*** Opening of Source information ***

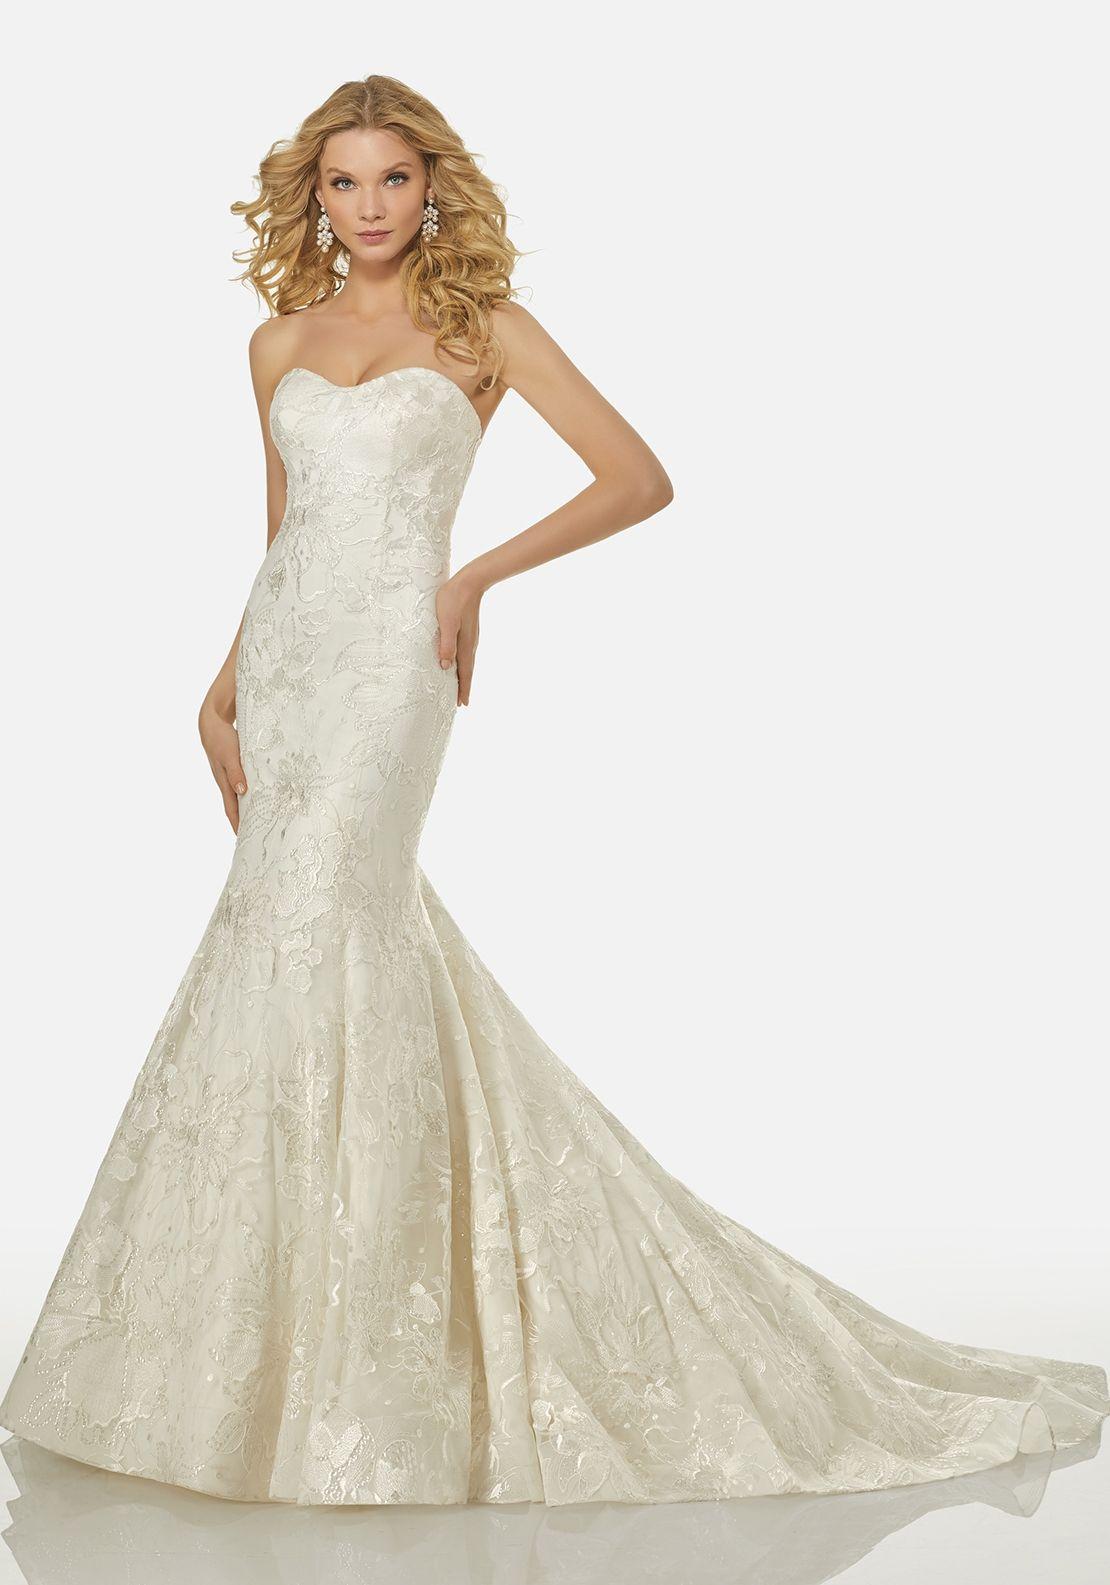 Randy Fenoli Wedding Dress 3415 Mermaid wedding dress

*** Close of Source information ***
*** Opening of Source information ***

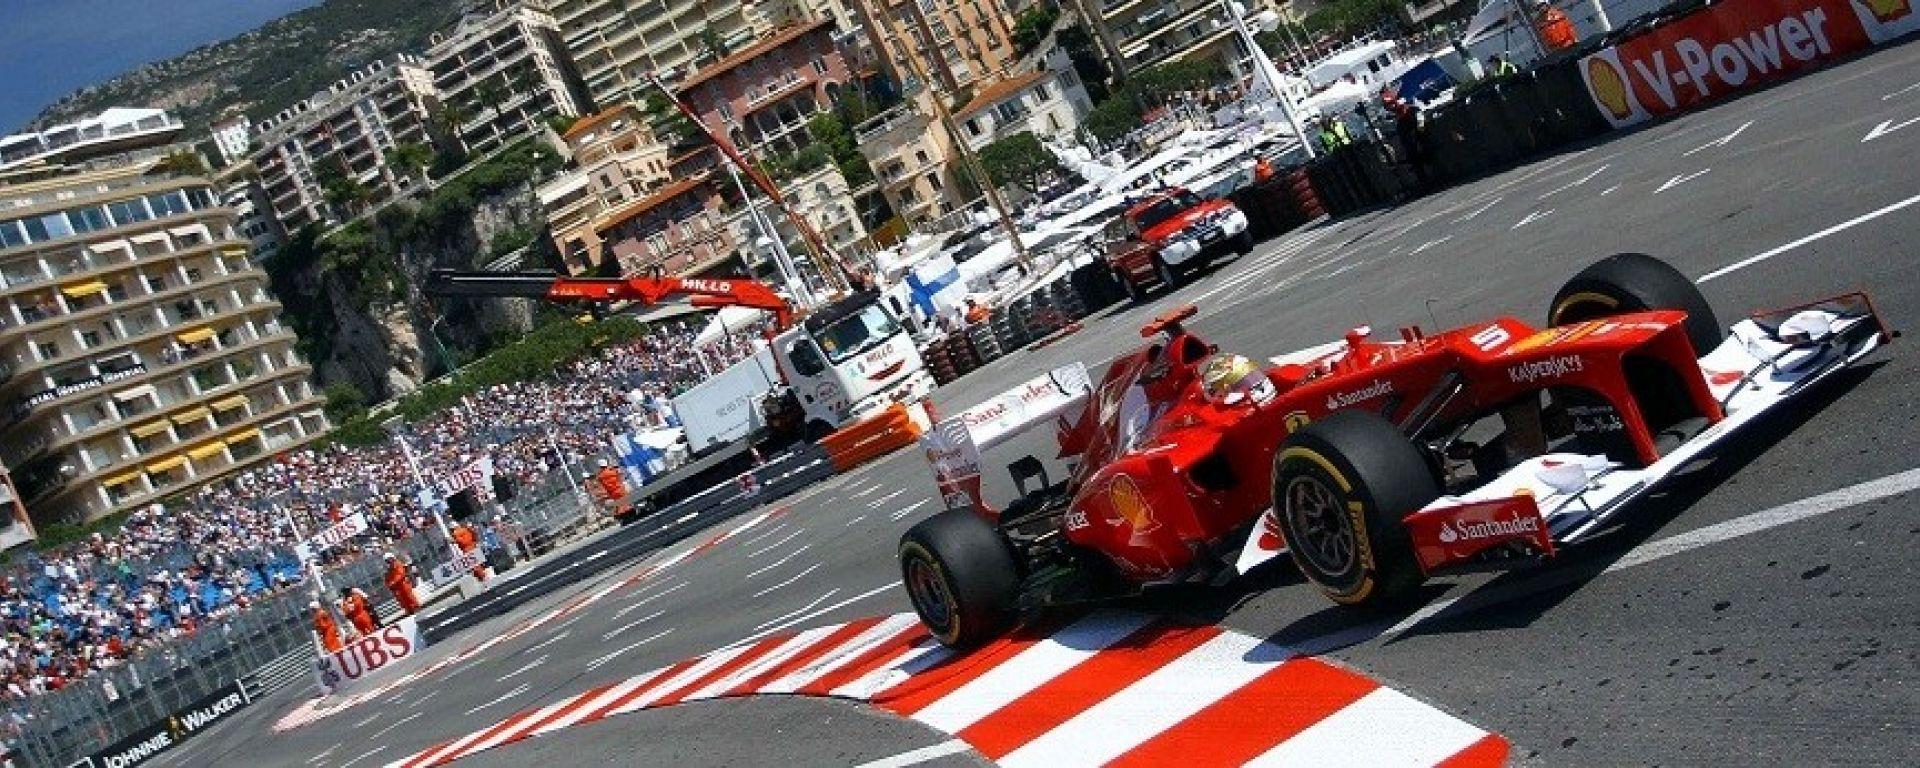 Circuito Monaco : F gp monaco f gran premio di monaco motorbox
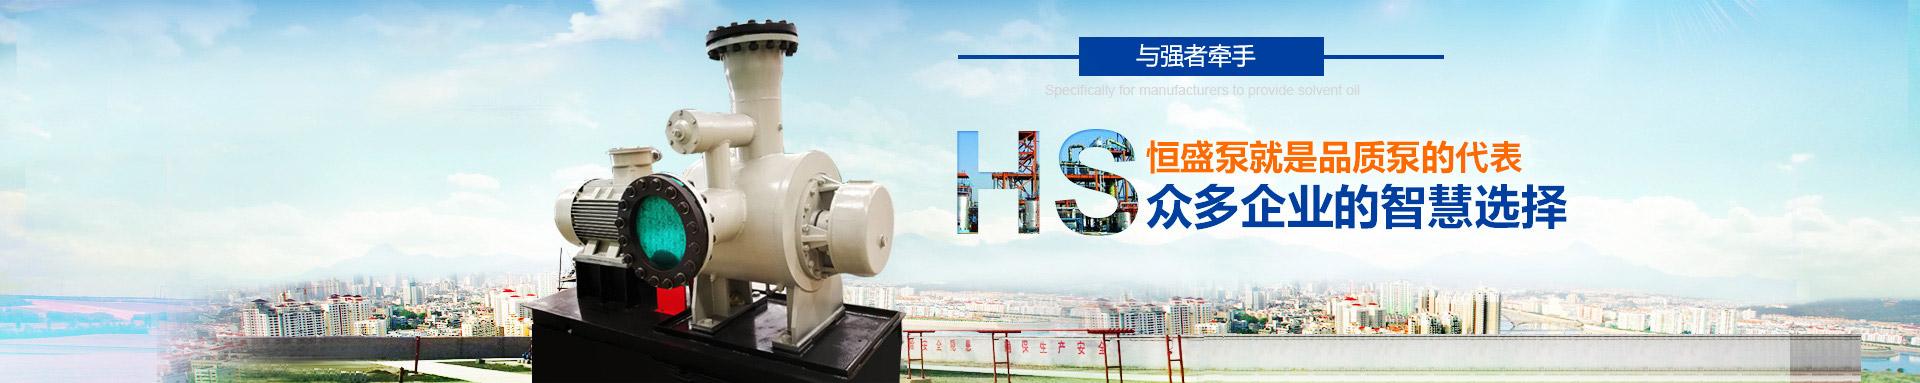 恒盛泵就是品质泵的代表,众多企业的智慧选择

*** Close of Source information ***

» What needs to be done:
Word for word, retype the lines in the entries above that run from the one with "Circuito Monaco : F" through the one with "恒盛泵就是品质泵的代表,众多企业的智慧选择". Both ends count; pictures do not.

» Final answer:
 Circuito Monaco : F gp monaco f gran premio di monaco motorbox
 恒盛泵就是品质泵的代表,众多企业的智慧选择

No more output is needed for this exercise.